Painting a room
When painting a room, ventilation is vital, so have windows open to provide a good flow of fresh air. Before starting work, try to remove as much furniture from the room as possible. Anything that is left should be covered with dust sheets to protect from overspray, drips and dust. Surfaces should be well prepared before painting. Holes should be filled and all surfaces sanded and cleaned down. All-purpose filler can be used in walls, ceilings and wood. Alternative fillers are also widely available to meet special requirements such as wood fillers or fine surface fillers. Bare wood must be primed before further coating. For more information on surface preparation see guide – ‘Preparing ceilings, walls and woodwork‘. The sequence below shows the simplest, and best, order of work for painting a room.
1. Begin by painting ceilings. A roller on an extension pole will cover large areas quickly. To avoid excessive overspray, don’t overload the roller. | 2. Finish around the edges using a medium sized brush. If you are also painting the walls, make sure you overlap onto the wall surface. |
3. If you overlap it will make the later painting of a straight dividing line between wall colour and ceiling colour much quicker and easier. | 4. Once the ceiling is dry, use a roller to paint wall surface. Or, if you prefer, large paint pads will also cover the area quickly. |
5. In the corners finish off the edges with a brush, or, if you prefer, paint pads designed for corner use may be used to similar effect. | 6. At ceiling level create a precise dividing line by using the last bristles one one edge of the brush to bead the paint smoothly into the junction. |
7. If you are painting adjacent to skirting boards or architrave, again, allow the paint to overlap slightly onto the woodwork. | 8. When painting the woodwork, allow the bristle edges to bead along the junction to create as straight and smooth an edge as possible. |
9. When painting windows, the neatest finish will be achieved by temporarily removing any window furniture before you start to paint. | 10. To prevent the windows from blowing open or closed in the wind, first paint the area where the stays and pins are situated. |
11. Carefully reattach the stays and pins on the painted area, to allow you to prop the window securely open while you paint the other parts. | 12. Continue with each section of the window in the appropriate order: generally paint openable windows first and paint from inside edges outwards. |
13. Paint edges closest to the glass first, then work out towards the frame of the window and then move on to the next section or frame. | 14. Finish the window by cutting in a neat edge around the frame where it meets with the wall surface. Once dry, reattach the remaining window furniture. |
15. Wipe down sills to remove all dust before painting. If you use white spirit, make sure the sill is totally dry before you paint. Also, sand sills between coats with a fine grade of sandpaper. | 16. For flush doors, simply start at the top and work down. For panel doors (as shown here), begin by painting all the panel sections first. |
17. Continue with the central vertical members, followed by the horizontal members. Lastly, finish off with the two outer vertical members. | 18. Removing door furniture makes painting easier. Paint the edge of a door according to which room it faces when the door is open. |
19. When door edges are painted, don’t close until completely dry. Paint the architrave to finish . Again, create a neat dividing line at the wall junction. | 20. Finally, return the door and inspect for drips and runs, brushing them out as required. These are commonly found at panel corners. |
Painting tips
- Emulsion paint for walls and ceilings can be applied direct to old painted surfaces, once cleaned and sanded, with two coats normally being required. For bare plaster the same applies, although a slightly thinned first coat is best practice. For bare plasterboard (drylined surfaces), you must apply a primer/sealer to the surface before coating with emulsion.
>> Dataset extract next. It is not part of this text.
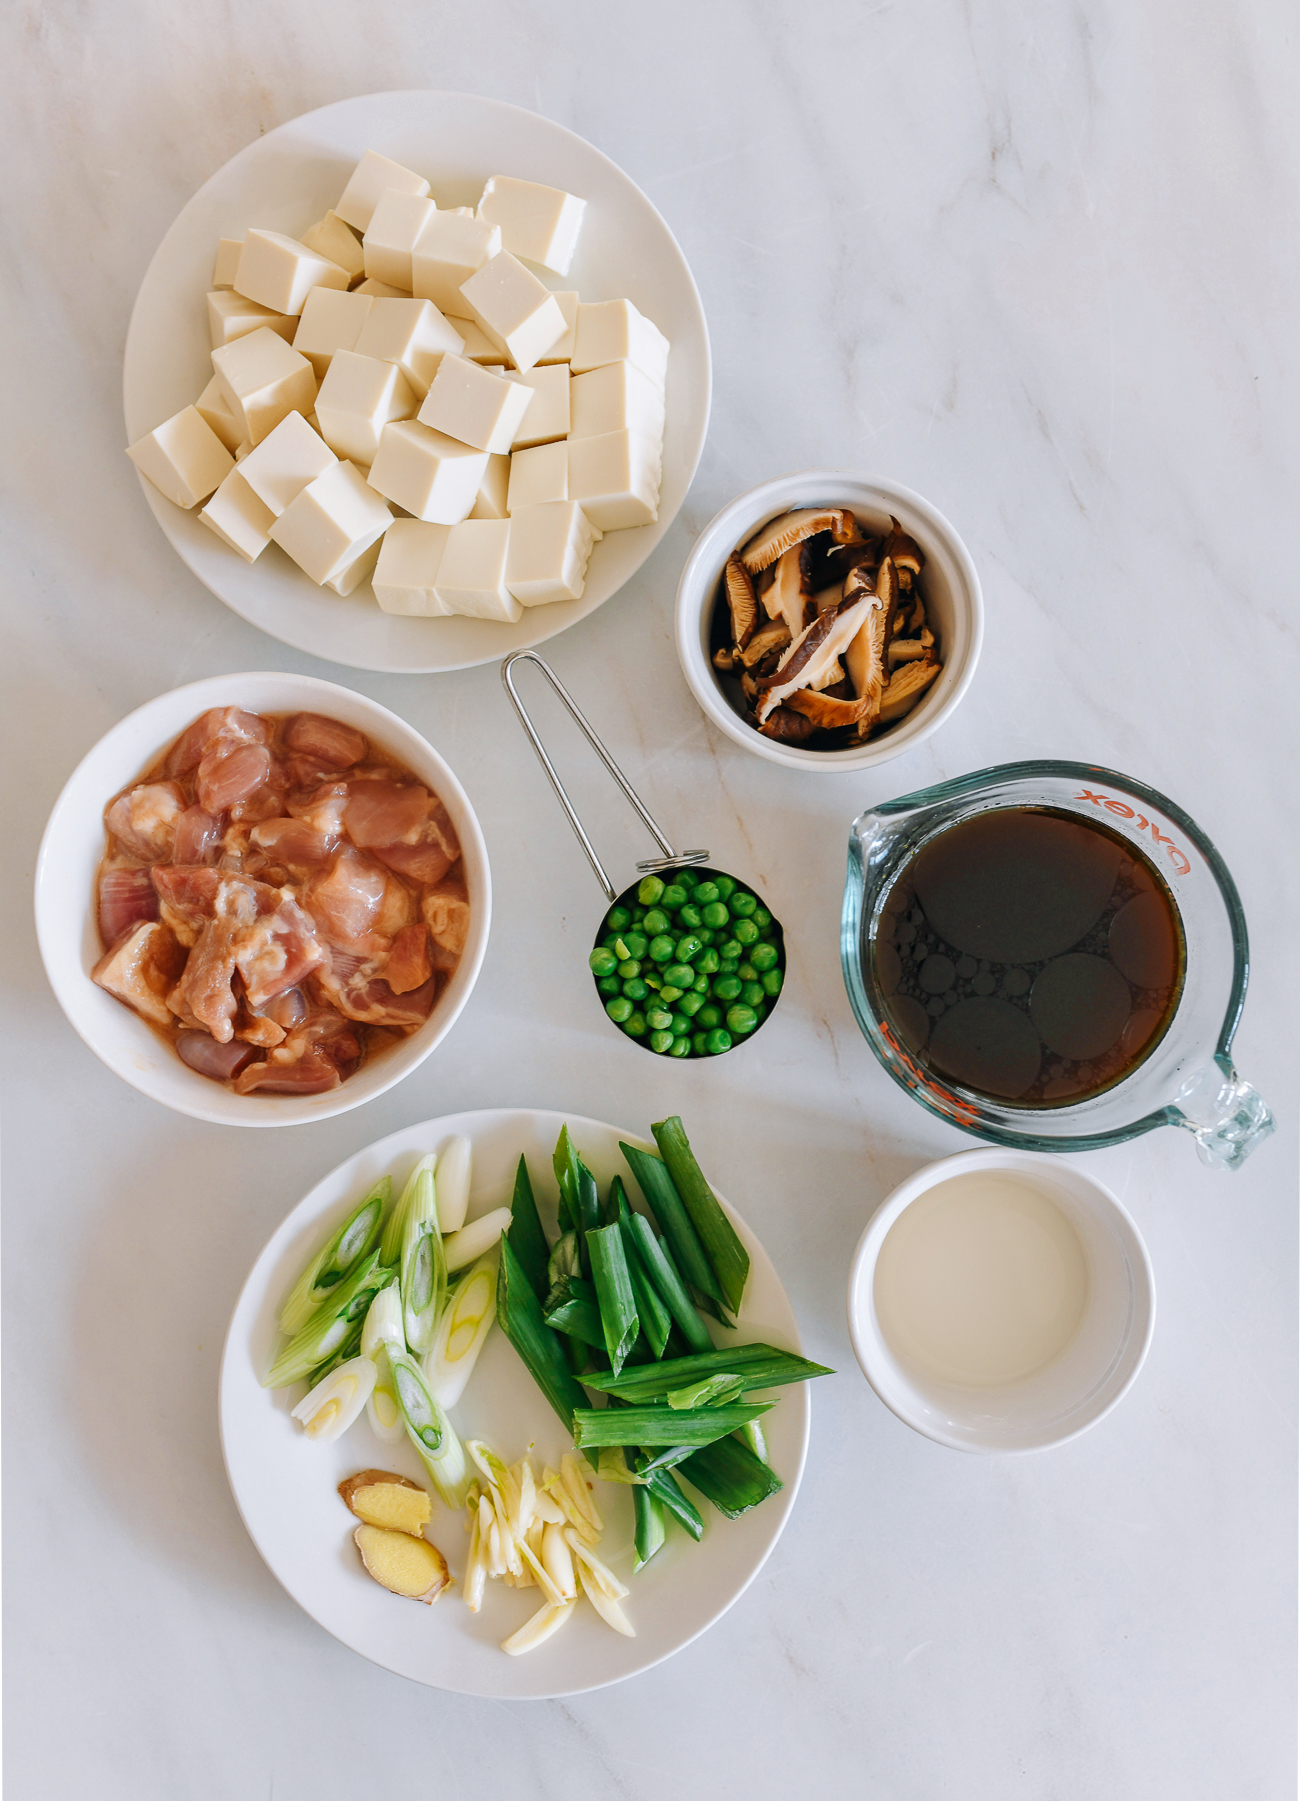 Chicken and soft tofu casserole ingredients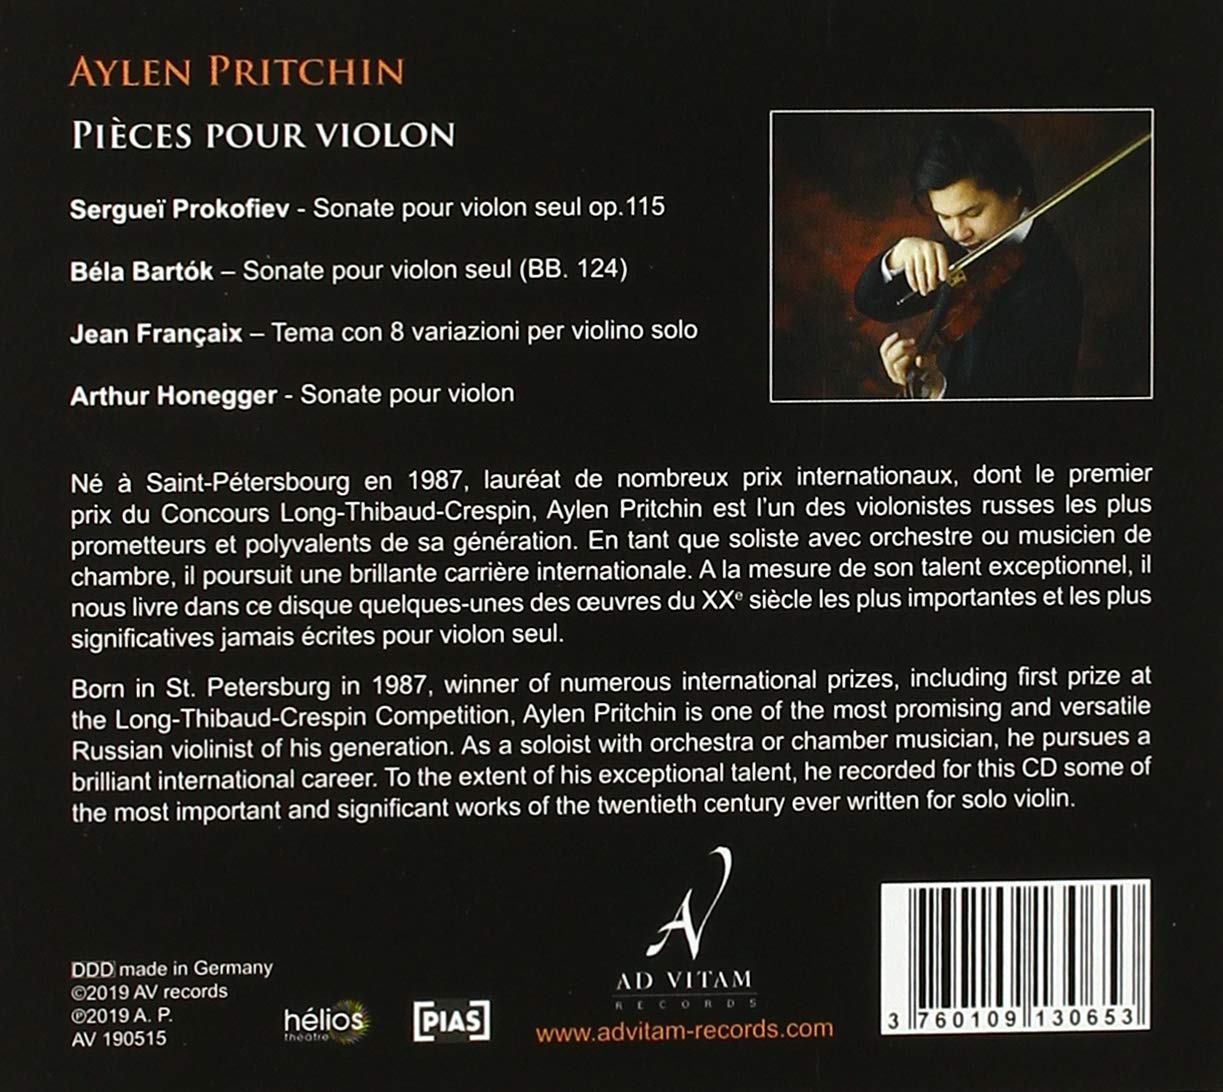 Aylen Pritchin 바이올린 독주 모음집 - 에이렌 프리친 (Pieces pour violon)

- On a ceiling/wall, it is not vital to roll first and then cut in around the edges, or cut in first and then roll. Some specifiers will insist on using a brush only! The secret of a good finish is to keep a wet edge i.e. make sure that the ‘cut in’ area is still wet when you join to the rolled area or vice versa. This is why it is best to paint one wall at a time.
- When estimating paint quantities, it is best to be guided by your chosen paint manufacturer’s guidelines.
- When stopping for a break, or even overnight, wrapping rollers or brushes in clingfilm will prevent them from drying hard. This reduces the need for repetitive cleaning of tools mid job.
- For wood, if you are finishing with gloss, first paint on a coat of undercoat, before applying the topcoat of gloss. If you are finishing with eggshell or satin on wood, simply apply two coats of the chosen finish. For much more on this, see my guide – ‘Which paint for wood?’
- Always try to start painting windows at the start of the day, so that they can be left in an open position to dry thoroughly before closing them at night, thus preventing them from sticking.
- A light sand with a fine grade of sandpaper between coats of paint will provide the best finish.
- Radiators may be painted (while off and cold) with either eggshell (for a matt finish) or undercoat and gloss for a shiny finish. Any rusty areas must be primed with a metal or all-purpose primer first. When this is dry, the finishing paint may then be applied.